You can specify a board, the current position, and other options right in
markup, like:

    
    
        <chess-board
            draggable-pieces
            position="8/R7/8/8/k1K5/8/8/8">
        </chess-board>
    

So it should be very easy to encode the position in a URL. You could also have
more than one board for teaching moves.

------
ericsoderstrom
In his intro he says he was surprised that he couldn't find any existing ways
to do this.

Lichess definitely allows you to share positions via url. E.g.
[https://lichess.org/editor/rnbqkbnr/1p1p1ppp/p3p3/8/3NP3/8/P...](https://lichess.org/editor/rnbqkbnr/1p1p1ppp/p3p3/8/3NP3/8/PPP2PPP/RNBQKB1R_w_KQkq_-_0_1)

Cool project allthesame

------
pwinnski
It's a video of an opinionated guy explaining his design of a Static SPA Chess
app.

I like it!
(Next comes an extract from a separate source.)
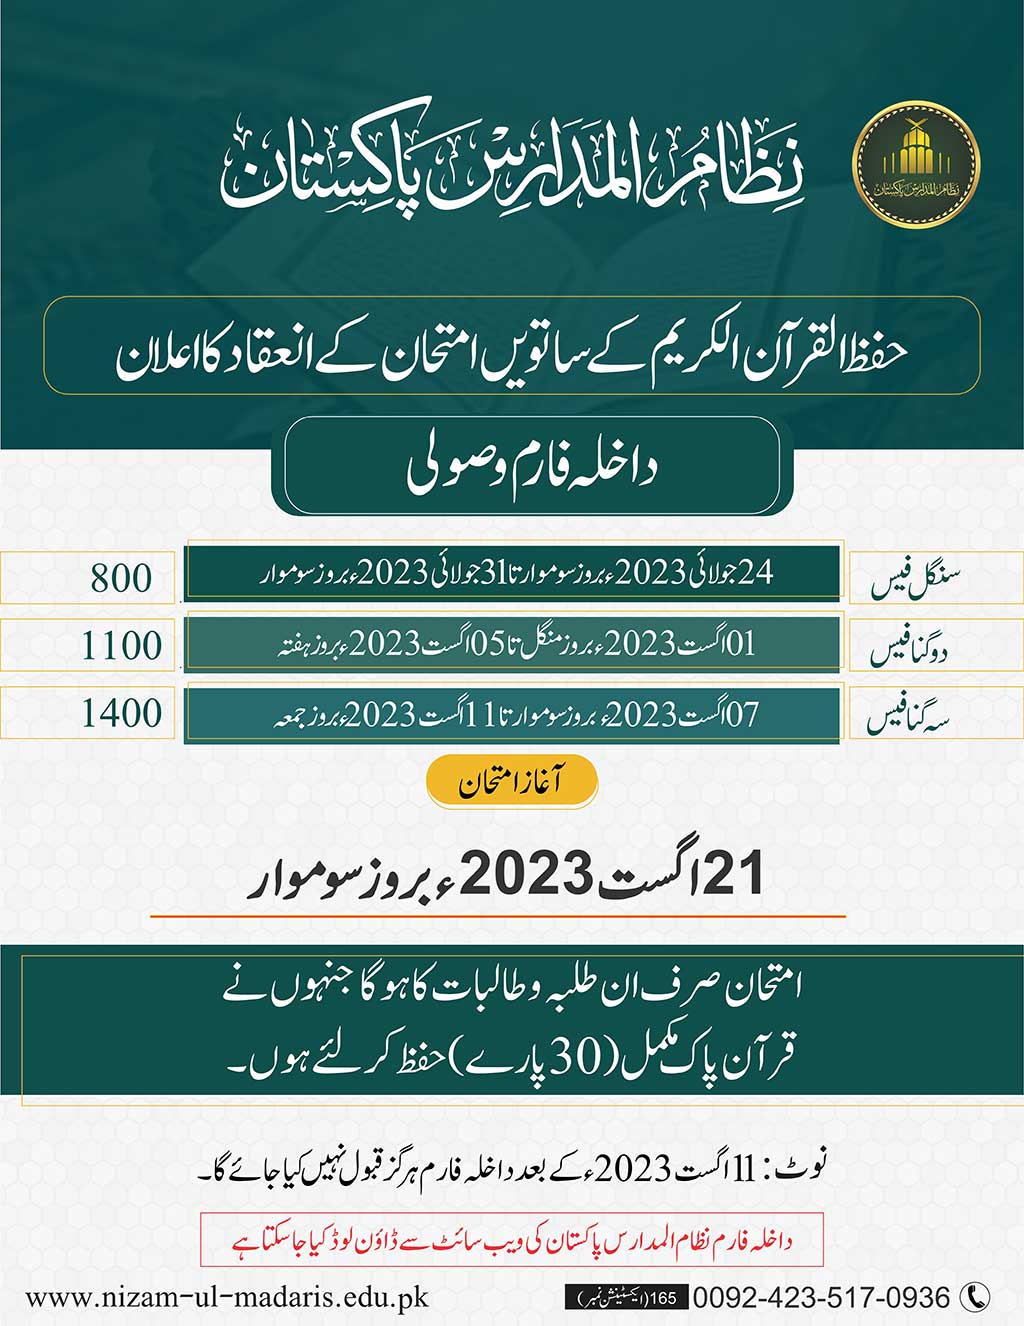 Hifaz-ul-quran-exam-under-nizam-ul-madris

It's fun to see someone with some expertise and opinions talk for a
while.

------
29athrowaway
Refreshing to see something without so many dependencies.

------
malkia
Seems like longest chess game is about less than 300 turns, there are 64
cells, and even if you don't know chess, and even without efficiently coded
there are max of 128bits per turn (a lot of them not valid, and probably space
that can be explored better) - e.g. it feels like not only the current
position, but the history can be recorded in small amount of data in an URL.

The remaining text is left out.